Please report, as a bare number, how many lines below include the string "Cute".
(Dataset begins)
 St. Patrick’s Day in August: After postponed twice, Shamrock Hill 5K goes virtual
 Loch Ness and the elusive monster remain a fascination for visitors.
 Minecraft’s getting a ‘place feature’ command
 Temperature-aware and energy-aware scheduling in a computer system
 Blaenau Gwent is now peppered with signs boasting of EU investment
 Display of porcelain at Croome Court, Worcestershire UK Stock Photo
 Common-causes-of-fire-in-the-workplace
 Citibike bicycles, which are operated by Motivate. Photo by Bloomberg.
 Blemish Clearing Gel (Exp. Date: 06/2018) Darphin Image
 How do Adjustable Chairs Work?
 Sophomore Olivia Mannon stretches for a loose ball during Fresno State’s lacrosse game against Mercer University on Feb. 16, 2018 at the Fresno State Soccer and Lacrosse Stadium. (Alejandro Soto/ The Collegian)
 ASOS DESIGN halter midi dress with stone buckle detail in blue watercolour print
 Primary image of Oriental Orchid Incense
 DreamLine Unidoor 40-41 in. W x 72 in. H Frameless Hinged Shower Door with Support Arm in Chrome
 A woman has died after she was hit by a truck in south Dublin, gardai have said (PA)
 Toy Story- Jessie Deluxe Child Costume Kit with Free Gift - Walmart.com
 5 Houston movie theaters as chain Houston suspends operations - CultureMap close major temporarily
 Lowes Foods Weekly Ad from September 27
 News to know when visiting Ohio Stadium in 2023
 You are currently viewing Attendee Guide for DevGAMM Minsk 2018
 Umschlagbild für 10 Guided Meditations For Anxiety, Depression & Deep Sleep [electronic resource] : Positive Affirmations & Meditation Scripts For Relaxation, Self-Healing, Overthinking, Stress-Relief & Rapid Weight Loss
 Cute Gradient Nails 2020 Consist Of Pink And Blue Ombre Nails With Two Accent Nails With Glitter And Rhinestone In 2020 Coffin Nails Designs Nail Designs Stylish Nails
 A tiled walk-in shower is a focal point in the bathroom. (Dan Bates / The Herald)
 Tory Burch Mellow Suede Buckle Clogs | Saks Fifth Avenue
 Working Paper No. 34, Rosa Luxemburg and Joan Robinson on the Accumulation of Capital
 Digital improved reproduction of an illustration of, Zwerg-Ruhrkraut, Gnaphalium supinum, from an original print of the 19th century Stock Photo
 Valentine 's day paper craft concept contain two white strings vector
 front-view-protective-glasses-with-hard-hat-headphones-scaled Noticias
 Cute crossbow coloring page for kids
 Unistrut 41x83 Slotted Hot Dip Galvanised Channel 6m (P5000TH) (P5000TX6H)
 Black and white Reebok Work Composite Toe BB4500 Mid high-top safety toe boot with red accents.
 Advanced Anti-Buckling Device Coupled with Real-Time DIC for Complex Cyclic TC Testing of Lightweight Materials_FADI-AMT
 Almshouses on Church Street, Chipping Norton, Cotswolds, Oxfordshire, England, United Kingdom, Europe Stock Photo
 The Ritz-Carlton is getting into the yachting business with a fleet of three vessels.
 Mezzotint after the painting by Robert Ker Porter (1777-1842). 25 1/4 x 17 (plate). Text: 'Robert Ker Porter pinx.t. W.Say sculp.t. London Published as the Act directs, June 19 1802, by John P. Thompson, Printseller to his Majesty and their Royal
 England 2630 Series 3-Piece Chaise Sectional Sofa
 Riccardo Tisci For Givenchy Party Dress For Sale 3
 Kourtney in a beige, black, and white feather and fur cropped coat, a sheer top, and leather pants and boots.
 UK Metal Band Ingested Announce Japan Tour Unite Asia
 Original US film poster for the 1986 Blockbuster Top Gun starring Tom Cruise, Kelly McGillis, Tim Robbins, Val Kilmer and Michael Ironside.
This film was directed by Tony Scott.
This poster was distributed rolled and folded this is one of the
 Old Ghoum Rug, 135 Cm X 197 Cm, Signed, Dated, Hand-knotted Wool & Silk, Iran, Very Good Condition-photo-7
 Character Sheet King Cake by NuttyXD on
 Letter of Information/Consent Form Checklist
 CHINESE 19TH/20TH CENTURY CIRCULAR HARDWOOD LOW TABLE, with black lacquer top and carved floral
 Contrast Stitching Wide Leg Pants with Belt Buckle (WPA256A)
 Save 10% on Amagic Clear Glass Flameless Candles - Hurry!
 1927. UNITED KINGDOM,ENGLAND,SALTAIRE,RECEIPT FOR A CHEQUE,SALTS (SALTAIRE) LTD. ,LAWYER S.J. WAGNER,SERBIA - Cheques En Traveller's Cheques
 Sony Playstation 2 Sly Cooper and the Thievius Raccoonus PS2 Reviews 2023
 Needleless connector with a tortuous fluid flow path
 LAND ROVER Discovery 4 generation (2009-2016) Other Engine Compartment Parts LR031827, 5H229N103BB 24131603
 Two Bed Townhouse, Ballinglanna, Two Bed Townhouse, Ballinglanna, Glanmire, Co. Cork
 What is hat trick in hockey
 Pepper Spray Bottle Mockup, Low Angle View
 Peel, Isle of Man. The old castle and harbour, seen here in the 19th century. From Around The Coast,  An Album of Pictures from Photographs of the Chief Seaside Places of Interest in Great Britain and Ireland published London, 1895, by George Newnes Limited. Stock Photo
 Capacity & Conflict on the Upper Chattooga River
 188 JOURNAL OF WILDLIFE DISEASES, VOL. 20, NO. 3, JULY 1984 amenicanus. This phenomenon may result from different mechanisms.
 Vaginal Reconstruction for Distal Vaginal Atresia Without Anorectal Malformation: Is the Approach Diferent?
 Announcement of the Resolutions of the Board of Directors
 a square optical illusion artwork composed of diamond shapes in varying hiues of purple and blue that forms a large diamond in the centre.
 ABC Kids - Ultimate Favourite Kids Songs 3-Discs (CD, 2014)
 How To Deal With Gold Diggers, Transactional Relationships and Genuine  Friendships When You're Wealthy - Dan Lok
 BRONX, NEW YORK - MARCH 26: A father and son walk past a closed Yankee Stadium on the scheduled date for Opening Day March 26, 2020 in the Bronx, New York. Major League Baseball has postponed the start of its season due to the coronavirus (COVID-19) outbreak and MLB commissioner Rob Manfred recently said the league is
(Dataset ends)
> Answer for the task:
2